The method may be a computer-implemented method.
According to a third aspect, a computer-readable medium is provided containing instructions configured to, when executed by a processor or by an application installed on a mobile device, cause the processor or application to perform the method of the second aspect.
In a fourth aspect there is provided a method of using the aerosol-delivery (e.g. smoking substitute) system according to the first aspect, the method comprising engaging the consumable component with an aerosol-delivery (e.g. smoking substitute) device (as described above) having a power source so as to electrically connect the power source to the consumable component (i.e. to the vaporiser of the consumable component).
The invention includes the combination of the aspects and preferred features described except where such a combination is clearly impermissible or expressly avoided.

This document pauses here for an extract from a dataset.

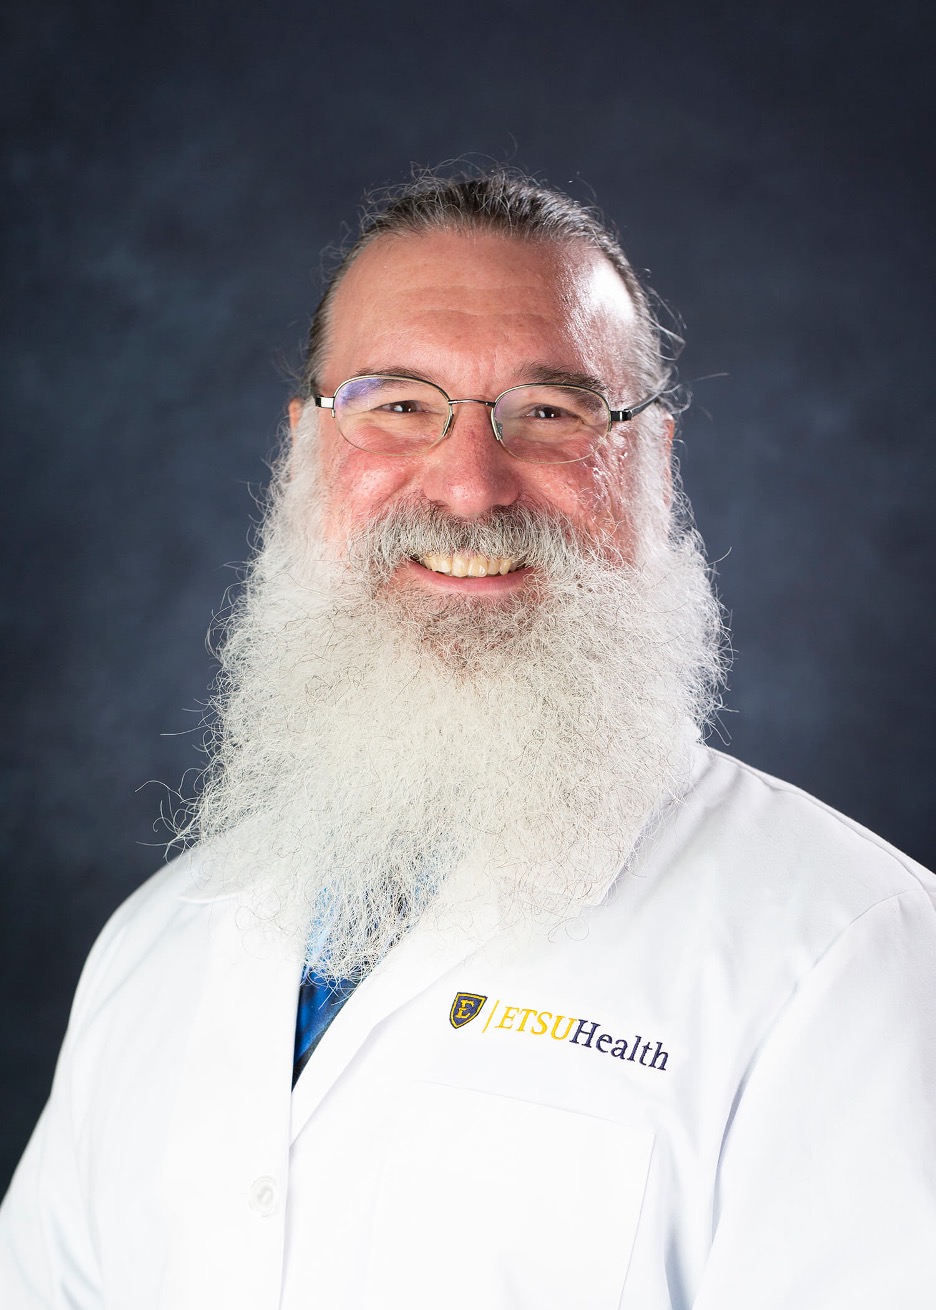 Photo of Reid Blackwelder, MD, FAAFP Associate Dean of Graduate Medical Education and Continuing Education for Health Professionals, Designated Institutional Official

BRIEF DESCRIPTION OF THE DRAWINGS

So that further aspects and features thereof may be appreciated, embodiments will now be discussed in further detail with reference to the accompanying figures, in which:

Fig. 1A is a front schematic view of a smoking substitute system;
Fig. 1B is a front schematic view of a device of the system;
Fig. 1C is a front schematic view of a component of the system;
Fig. 2A is a schematic of the electrical components of the device;
Fig. 2B is a schematic of the parts of the component;
Fig. 3 is a further schematic of the component having a filter;
Fig. 4 is schematic of the device having a filter.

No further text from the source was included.